# Probleme mit den CD/dvd-Laufwerken



## claudia34 (16. August 2007)

Hallo, bin neu und weiß nicht ob ich hier richtig bin. Seit ein paar Tagen kann weder mein CD- noch mein DVD-Laufwerk eine leere Cd lesen. das heißt es steht immer: "Auf E:\. bzw. D:\ kann nicht zugegriffen werden. unzulässige Funktion"
CD´s und Dvd´s mit Inhalt lesen aber beide Laufwerke. Auch wenn ich mit der linken Maustaste klicke und auf senden an gehe, stehen da alle Wechselträger aber nicht die Cd -Laufwerke. Was kann da los sein? An den Cd´s liegt es nicht, das habe ich getestet.
Habe das Windows Xp Home Sp2 am Rechner.


Bitte um Hilfe, gerne auch an meine E-Mailadresse.
Danke Claudia


----------



## soyo (17. August 2007)

Sind das normale Lese-Laufwerke oder Lesen/Schreiben (Brenner) ?


----------



## claudia34 (17. August 2007)

hallo, es sind beide Brenner-Laufwerke.
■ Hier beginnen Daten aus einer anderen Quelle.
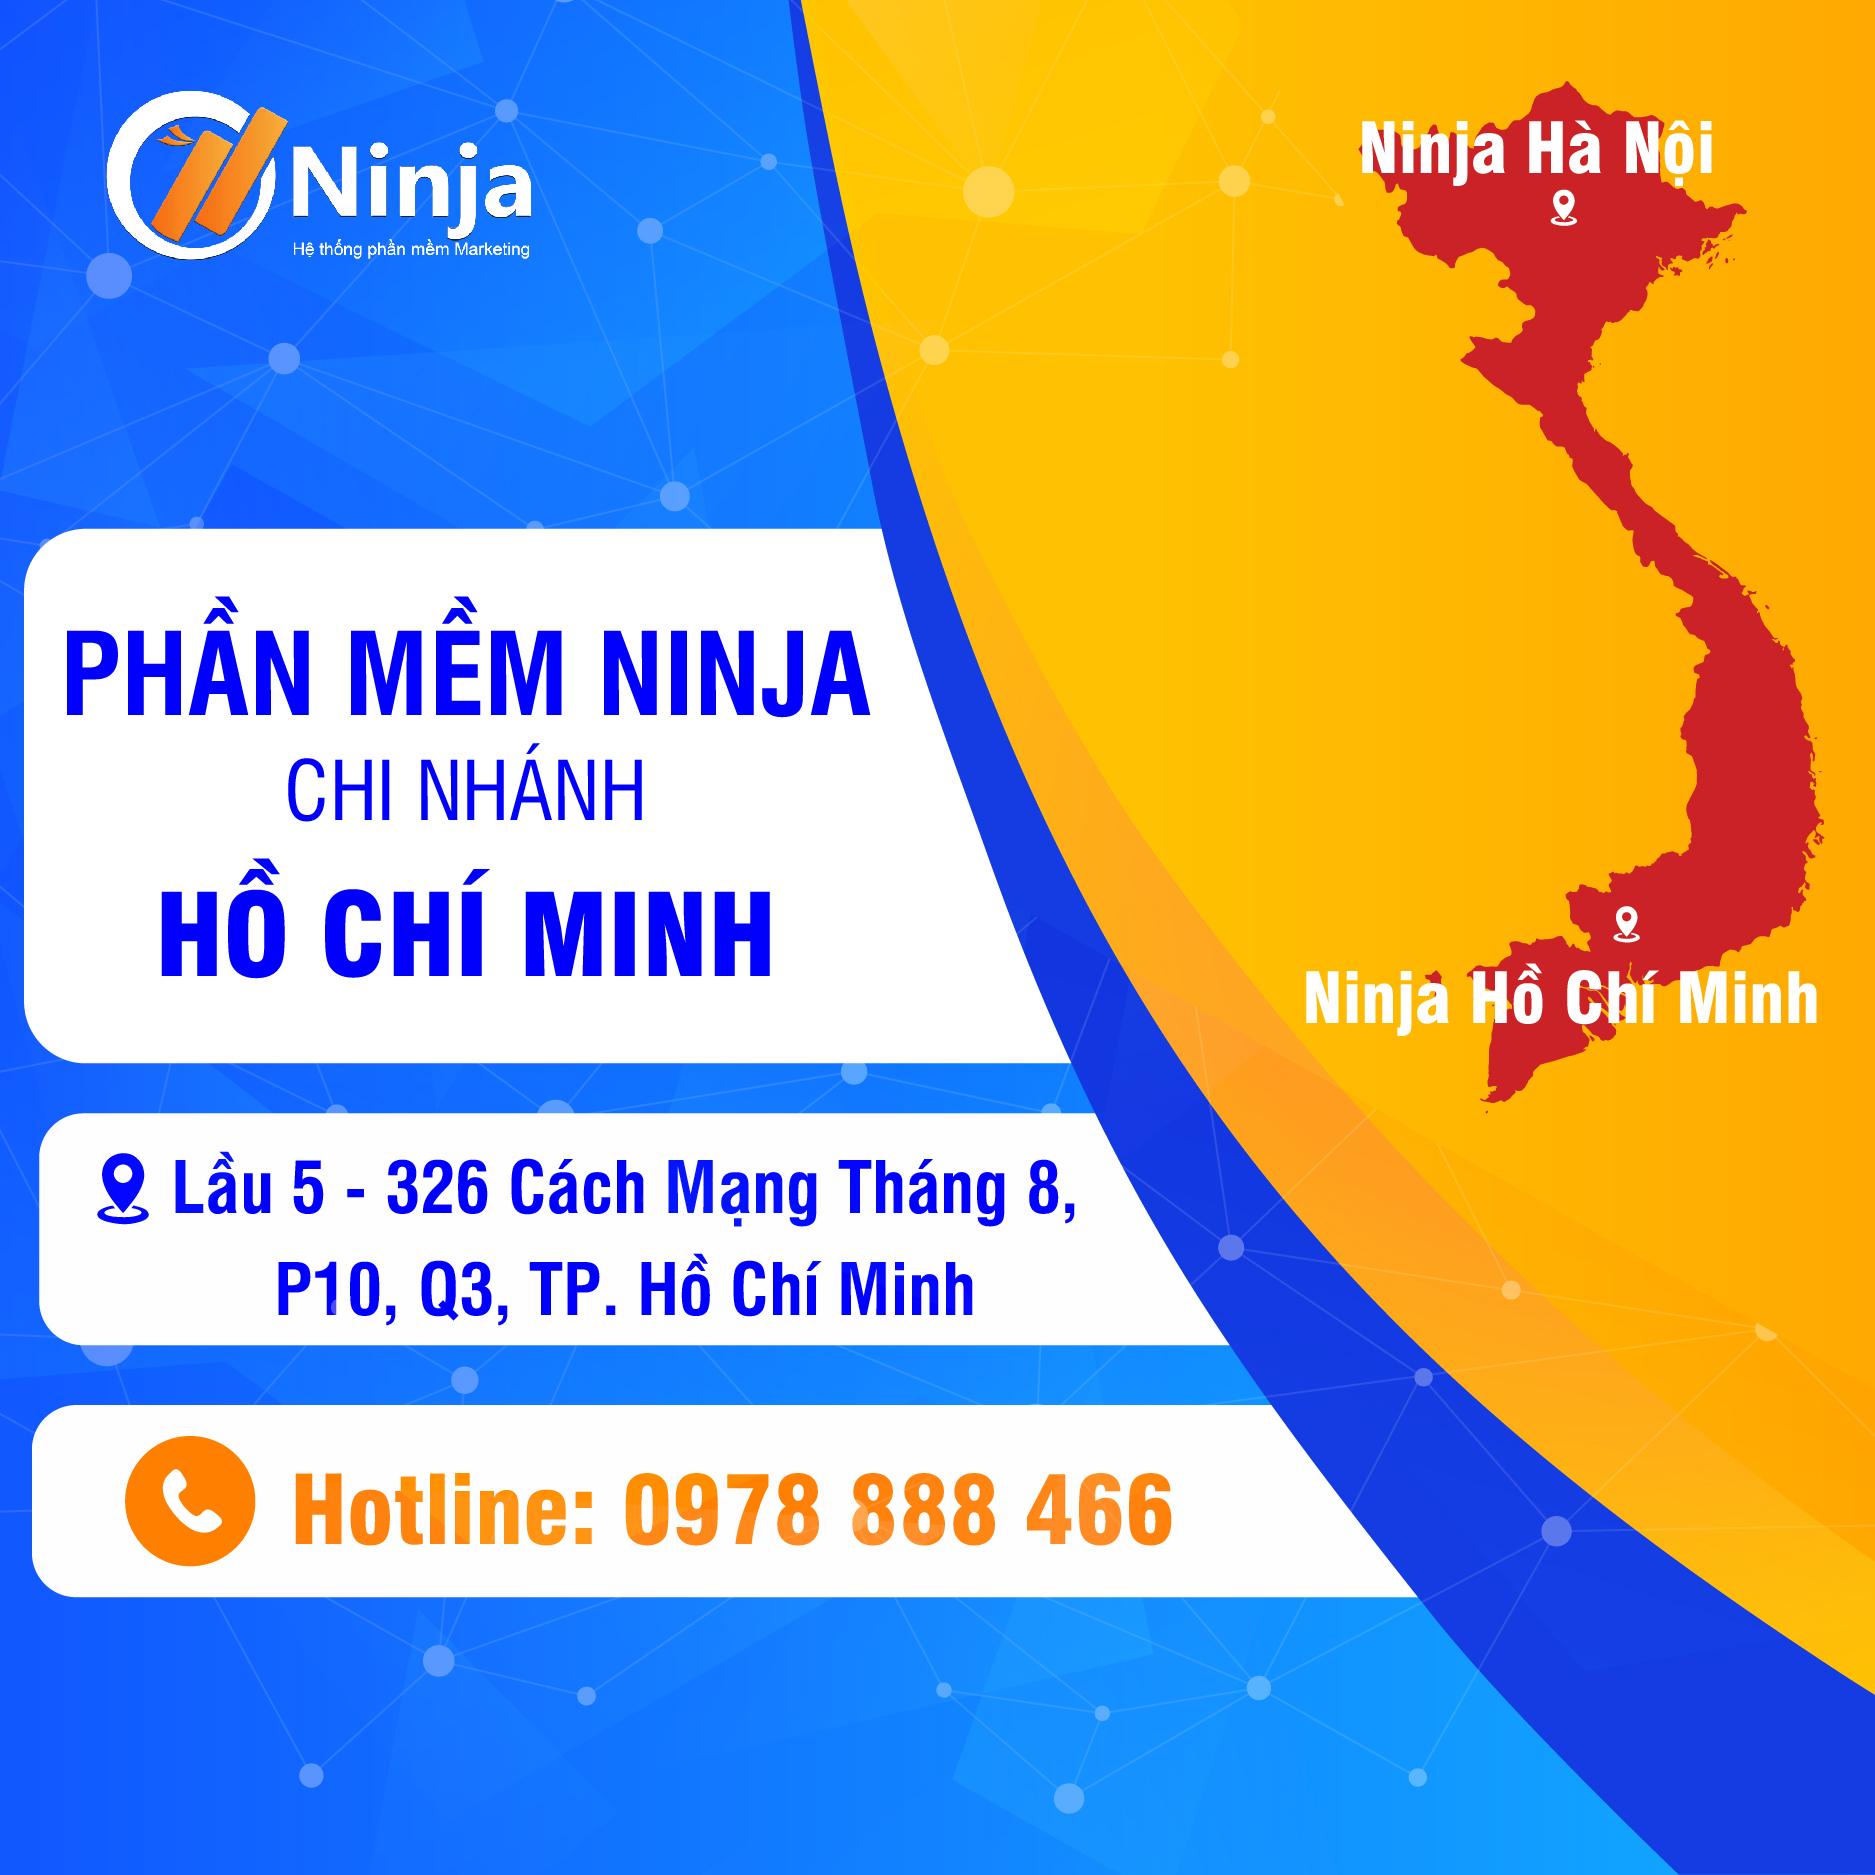 Ninja Ho chi minh Phần mềm Ninja: Văn phòng mới tại TP.Hồ Chí Minh chính thức đi vào hoạt động
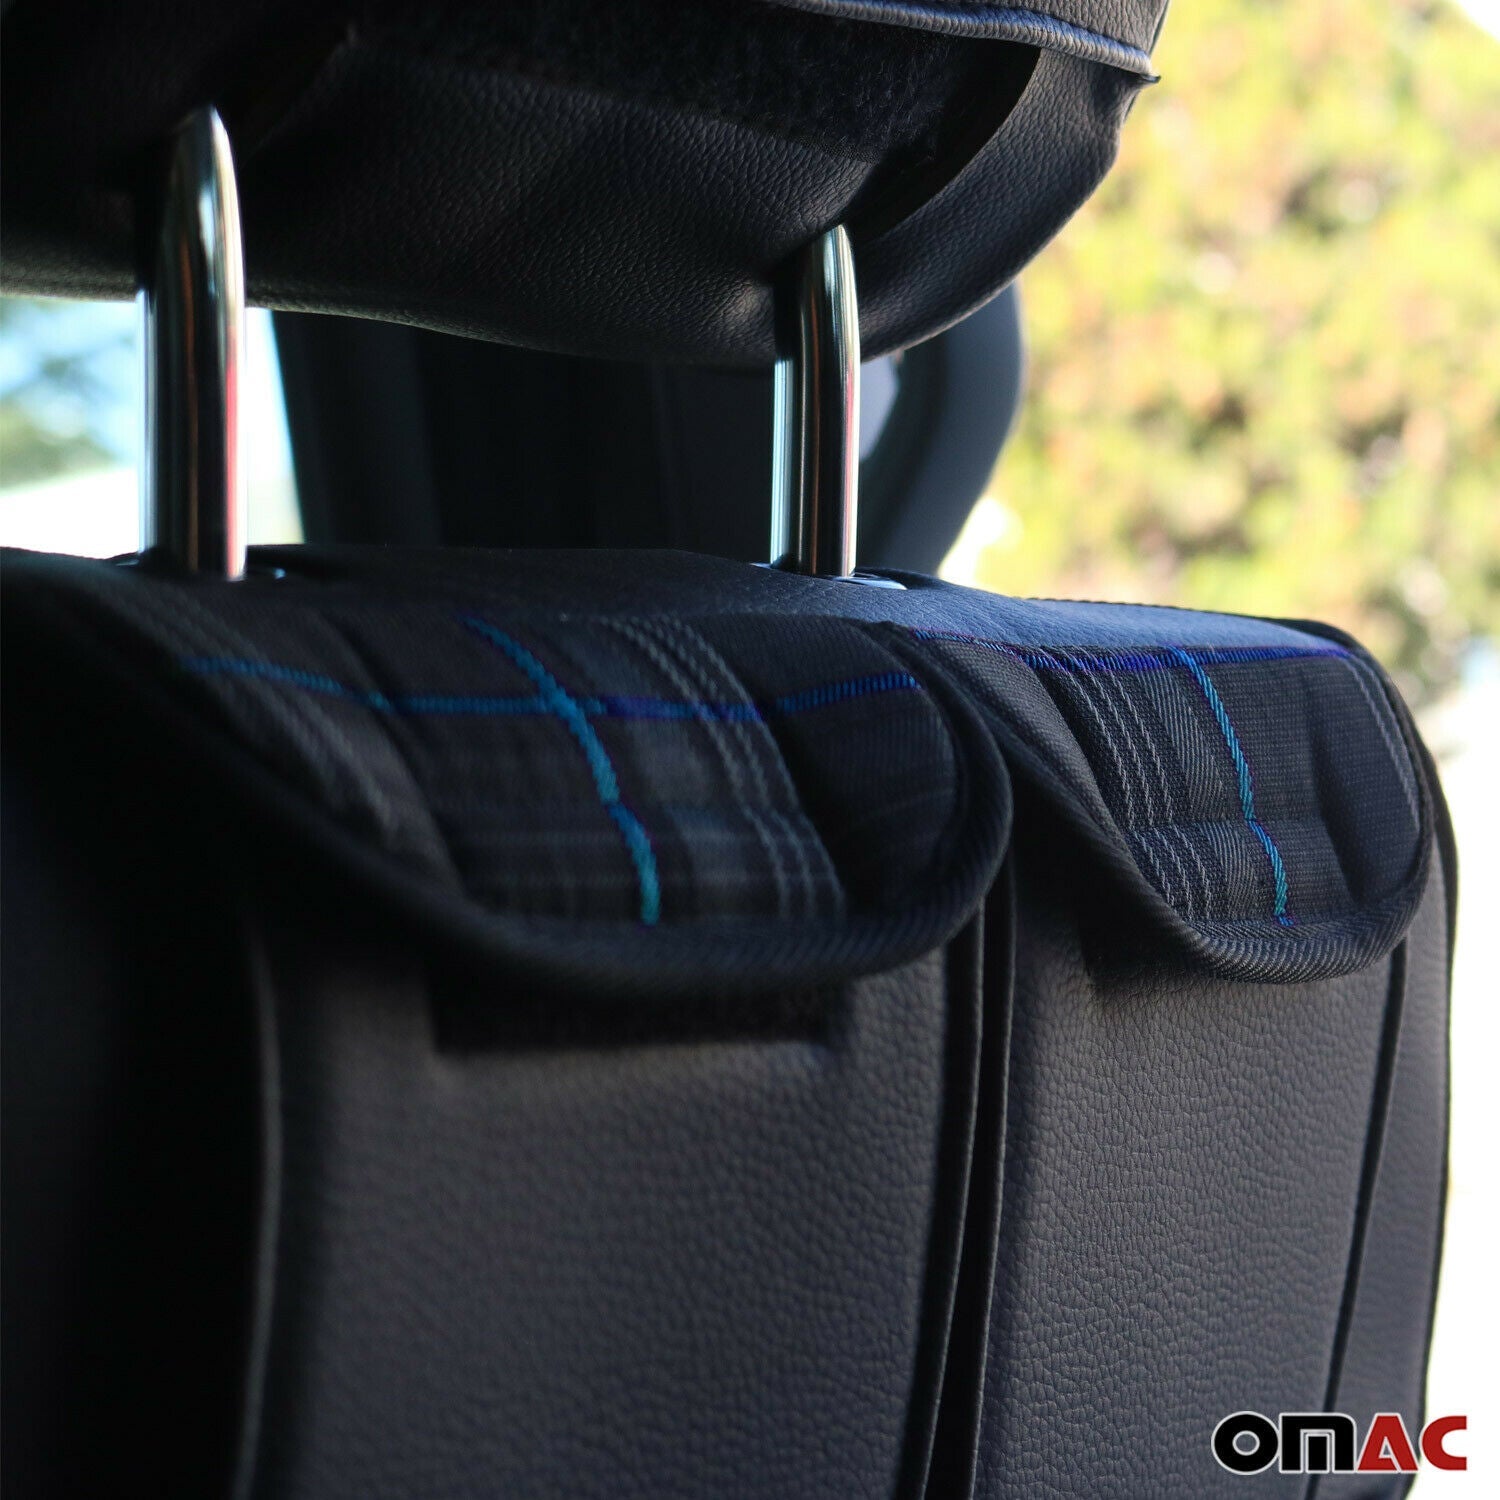 Rücksitztasche Sitz Organizer Beifahrersitz 3 Fächer passend für VW T5

Und beie haben bis vor kurzem einwandfrei funktioniert.
Meine Laufwerke heißen: D:\NEC-DVD-RW-ND 3500AG und E:\Lite-on DVDRW Show-1693S
Habe bei beiden ein Firmware-Update gemacht- hat nocht geholfen. Auch habe ich das kürzlich installierte Magix Mp3-Maker-Programm wieder deinstalliert- half auch nichts. 
mfg claudia


----------



## soyo (18. August 2007)

Was für eine Brenn-Software benutzt du?


----------



## claudia34 (18. August 2007)

Hallo, ich habe einen neuen Brenner bekommen. Problem ist das gleiche geblieben. Einen Lite-on DVDRW LH-20 A1P. Das heißt es sind jetzt 2 Lite-on-Laufwerke. Benutze das Nero Brennprogramm.
Habe bereits auch bei den Zweigen Hot-Key-Zweigen nachgeschaut-das stand in meinem XP-Buch- da sollte was von Upper und Lower stehen, bei mit steht da aber nur was von Upper. kenn mich aber zuwenig aus.


----------